= WORK REQUEST =
In the entries below, how many lines contain "Disney"? Answer with the number and nothing else.

= DATA =

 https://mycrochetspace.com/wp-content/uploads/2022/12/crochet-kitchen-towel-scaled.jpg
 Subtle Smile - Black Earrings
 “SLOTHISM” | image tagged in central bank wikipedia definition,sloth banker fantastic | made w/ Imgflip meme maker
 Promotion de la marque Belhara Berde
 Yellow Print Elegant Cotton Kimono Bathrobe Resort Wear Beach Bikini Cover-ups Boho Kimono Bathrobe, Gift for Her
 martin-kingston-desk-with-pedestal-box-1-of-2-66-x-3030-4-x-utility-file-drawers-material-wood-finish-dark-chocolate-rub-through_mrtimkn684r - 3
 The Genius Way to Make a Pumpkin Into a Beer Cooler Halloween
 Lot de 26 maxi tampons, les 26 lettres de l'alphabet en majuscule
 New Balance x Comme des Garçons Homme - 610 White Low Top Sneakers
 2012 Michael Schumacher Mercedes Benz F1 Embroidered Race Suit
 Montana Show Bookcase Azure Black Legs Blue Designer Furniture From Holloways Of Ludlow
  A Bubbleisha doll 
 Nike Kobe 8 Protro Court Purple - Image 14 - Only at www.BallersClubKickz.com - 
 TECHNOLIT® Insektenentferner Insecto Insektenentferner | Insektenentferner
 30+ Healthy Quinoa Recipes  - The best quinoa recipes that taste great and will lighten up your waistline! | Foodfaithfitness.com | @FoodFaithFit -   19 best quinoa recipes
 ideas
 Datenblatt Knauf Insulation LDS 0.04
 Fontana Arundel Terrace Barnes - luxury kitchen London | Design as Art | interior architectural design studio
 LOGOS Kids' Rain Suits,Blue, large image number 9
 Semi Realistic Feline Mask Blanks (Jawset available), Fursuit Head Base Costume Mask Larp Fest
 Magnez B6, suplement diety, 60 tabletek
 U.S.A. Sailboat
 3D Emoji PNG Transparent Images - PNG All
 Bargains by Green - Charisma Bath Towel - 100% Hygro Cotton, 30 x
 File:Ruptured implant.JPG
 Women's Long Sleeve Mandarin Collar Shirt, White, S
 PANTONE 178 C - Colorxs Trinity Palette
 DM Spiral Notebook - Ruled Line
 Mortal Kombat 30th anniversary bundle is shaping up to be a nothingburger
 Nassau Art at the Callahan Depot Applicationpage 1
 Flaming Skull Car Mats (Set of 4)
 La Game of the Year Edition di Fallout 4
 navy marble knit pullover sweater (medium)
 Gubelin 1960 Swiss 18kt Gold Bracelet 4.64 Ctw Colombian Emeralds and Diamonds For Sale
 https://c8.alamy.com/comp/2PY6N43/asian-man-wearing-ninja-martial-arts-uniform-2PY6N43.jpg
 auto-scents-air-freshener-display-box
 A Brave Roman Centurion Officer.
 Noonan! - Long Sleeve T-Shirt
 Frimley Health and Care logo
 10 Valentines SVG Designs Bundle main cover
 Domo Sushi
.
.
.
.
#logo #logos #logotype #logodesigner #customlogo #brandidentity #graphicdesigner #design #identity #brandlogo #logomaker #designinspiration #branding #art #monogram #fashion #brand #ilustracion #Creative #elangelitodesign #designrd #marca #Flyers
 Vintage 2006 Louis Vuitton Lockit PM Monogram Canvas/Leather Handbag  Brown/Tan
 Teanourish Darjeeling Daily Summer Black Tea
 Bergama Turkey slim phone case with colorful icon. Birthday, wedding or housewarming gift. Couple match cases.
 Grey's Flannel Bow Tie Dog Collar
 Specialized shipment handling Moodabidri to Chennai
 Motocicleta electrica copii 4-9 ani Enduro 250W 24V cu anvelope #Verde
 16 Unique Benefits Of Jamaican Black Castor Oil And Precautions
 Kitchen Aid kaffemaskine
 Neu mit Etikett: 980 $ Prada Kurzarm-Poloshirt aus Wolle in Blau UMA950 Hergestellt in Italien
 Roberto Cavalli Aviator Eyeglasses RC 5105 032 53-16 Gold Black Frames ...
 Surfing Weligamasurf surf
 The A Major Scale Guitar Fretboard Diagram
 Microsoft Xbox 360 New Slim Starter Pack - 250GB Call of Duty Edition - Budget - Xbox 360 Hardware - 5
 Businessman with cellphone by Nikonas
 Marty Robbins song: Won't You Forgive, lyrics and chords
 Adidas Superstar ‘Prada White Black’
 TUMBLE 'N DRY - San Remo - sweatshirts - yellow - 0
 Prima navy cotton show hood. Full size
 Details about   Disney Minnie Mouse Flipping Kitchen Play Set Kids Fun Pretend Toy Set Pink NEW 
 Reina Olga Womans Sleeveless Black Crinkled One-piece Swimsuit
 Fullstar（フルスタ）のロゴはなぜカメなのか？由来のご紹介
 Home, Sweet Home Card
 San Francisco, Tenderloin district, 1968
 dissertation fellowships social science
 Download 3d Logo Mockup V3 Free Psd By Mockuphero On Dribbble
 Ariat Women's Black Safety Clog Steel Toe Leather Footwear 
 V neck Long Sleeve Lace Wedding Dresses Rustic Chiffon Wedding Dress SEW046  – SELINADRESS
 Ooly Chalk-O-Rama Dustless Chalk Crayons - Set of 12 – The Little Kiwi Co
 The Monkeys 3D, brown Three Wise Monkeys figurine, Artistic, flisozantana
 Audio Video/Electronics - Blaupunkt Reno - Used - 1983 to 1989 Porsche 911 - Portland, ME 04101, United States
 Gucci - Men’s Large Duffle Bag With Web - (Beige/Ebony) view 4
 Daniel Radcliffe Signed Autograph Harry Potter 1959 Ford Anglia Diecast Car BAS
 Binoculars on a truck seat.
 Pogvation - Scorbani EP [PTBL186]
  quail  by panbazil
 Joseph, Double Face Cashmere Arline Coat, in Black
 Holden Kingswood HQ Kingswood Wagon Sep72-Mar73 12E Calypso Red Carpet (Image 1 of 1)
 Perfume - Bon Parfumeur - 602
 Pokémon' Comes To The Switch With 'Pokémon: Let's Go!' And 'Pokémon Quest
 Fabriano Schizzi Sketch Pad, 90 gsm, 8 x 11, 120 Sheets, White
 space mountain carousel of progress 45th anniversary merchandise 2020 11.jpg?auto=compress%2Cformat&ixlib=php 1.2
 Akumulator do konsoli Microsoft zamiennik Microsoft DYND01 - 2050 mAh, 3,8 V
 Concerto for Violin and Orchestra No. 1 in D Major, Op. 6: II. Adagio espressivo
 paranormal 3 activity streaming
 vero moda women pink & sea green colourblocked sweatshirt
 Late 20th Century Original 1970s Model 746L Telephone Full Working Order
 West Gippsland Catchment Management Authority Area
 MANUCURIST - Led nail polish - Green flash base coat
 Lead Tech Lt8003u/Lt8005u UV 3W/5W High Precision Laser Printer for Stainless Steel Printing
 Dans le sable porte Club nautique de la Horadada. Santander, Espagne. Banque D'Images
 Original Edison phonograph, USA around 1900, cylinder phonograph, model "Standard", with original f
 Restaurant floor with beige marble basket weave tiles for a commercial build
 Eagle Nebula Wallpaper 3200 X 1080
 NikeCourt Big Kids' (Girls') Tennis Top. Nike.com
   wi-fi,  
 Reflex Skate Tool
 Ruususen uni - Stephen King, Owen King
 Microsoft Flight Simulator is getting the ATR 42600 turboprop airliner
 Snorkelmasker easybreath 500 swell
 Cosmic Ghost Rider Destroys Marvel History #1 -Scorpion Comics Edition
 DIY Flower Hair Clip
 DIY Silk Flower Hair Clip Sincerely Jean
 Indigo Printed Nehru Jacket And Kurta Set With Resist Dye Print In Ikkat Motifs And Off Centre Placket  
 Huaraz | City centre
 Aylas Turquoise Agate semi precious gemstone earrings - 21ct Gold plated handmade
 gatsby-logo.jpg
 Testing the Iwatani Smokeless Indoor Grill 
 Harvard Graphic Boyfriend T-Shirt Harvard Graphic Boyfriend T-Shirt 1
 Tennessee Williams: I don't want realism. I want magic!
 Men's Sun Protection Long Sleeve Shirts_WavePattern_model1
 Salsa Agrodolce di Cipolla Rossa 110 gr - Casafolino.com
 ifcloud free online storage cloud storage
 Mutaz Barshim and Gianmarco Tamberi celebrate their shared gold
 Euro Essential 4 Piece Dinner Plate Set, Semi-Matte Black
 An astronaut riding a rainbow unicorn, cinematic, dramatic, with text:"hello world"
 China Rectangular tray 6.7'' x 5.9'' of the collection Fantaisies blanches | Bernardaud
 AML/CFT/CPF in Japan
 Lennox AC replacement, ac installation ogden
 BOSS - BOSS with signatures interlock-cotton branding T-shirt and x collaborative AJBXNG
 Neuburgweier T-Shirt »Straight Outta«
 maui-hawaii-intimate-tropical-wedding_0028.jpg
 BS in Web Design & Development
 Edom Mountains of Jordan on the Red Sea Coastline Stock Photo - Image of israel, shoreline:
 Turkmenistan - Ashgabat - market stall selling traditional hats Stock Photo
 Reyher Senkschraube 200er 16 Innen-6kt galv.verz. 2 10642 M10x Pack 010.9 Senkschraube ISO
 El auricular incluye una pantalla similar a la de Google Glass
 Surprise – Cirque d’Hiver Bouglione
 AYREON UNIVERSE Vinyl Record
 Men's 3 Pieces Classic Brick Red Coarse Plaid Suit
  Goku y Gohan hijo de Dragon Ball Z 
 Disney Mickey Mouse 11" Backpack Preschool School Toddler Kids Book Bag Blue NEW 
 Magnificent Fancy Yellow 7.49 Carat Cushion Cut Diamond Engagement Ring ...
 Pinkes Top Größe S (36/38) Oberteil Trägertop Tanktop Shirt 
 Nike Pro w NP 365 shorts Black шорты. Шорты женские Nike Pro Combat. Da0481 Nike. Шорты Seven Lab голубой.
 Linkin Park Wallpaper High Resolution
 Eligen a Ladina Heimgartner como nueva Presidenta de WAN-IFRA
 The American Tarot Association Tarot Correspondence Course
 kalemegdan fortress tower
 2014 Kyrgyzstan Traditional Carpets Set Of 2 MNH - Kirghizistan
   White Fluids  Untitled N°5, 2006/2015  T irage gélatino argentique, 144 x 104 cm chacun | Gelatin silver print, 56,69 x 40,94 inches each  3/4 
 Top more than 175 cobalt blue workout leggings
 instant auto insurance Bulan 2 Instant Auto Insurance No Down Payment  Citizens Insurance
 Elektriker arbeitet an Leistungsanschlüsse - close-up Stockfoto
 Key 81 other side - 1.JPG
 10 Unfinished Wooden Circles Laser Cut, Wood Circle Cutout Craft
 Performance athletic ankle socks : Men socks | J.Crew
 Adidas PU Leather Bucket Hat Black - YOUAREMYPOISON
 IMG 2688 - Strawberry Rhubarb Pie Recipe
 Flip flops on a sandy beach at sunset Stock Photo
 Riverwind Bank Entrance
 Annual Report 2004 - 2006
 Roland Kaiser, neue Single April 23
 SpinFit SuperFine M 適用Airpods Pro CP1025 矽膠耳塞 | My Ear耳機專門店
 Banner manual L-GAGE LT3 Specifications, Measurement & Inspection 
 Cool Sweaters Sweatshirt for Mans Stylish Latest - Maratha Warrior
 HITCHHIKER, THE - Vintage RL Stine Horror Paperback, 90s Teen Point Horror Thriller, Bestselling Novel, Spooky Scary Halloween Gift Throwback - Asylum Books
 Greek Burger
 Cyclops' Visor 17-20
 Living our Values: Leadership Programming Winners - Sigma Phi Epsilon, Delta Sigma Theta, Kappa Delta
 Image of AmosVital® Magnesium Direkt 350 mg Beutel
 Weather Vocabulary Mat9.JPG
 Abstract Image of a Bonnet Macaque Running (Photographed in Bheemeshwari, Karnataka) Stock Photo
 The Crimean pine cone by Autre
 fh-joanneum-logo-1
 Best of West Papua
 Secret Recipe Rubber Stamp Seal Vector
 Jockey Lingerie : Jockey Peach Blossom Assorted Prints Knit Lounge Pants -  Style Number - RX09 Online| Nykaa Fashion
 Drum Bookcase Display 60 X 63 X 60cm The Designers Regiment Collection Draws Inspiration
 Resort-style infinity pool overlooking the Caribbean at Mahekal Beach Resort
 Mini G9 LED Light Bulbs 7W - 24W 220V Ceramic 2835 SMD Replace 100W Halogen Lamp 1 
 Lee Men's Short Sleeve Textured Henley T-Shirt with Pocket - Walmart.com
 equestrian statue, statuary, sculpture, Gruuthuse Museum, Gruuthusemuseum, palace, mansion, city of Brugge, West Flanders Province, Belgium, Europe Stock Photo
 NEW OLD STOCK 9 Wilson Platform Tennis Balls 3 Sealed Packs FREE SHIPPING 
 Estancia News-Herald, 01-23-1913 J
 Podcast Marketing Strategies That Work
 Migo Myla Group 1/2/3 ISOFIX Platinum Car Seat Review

= RESULT =
2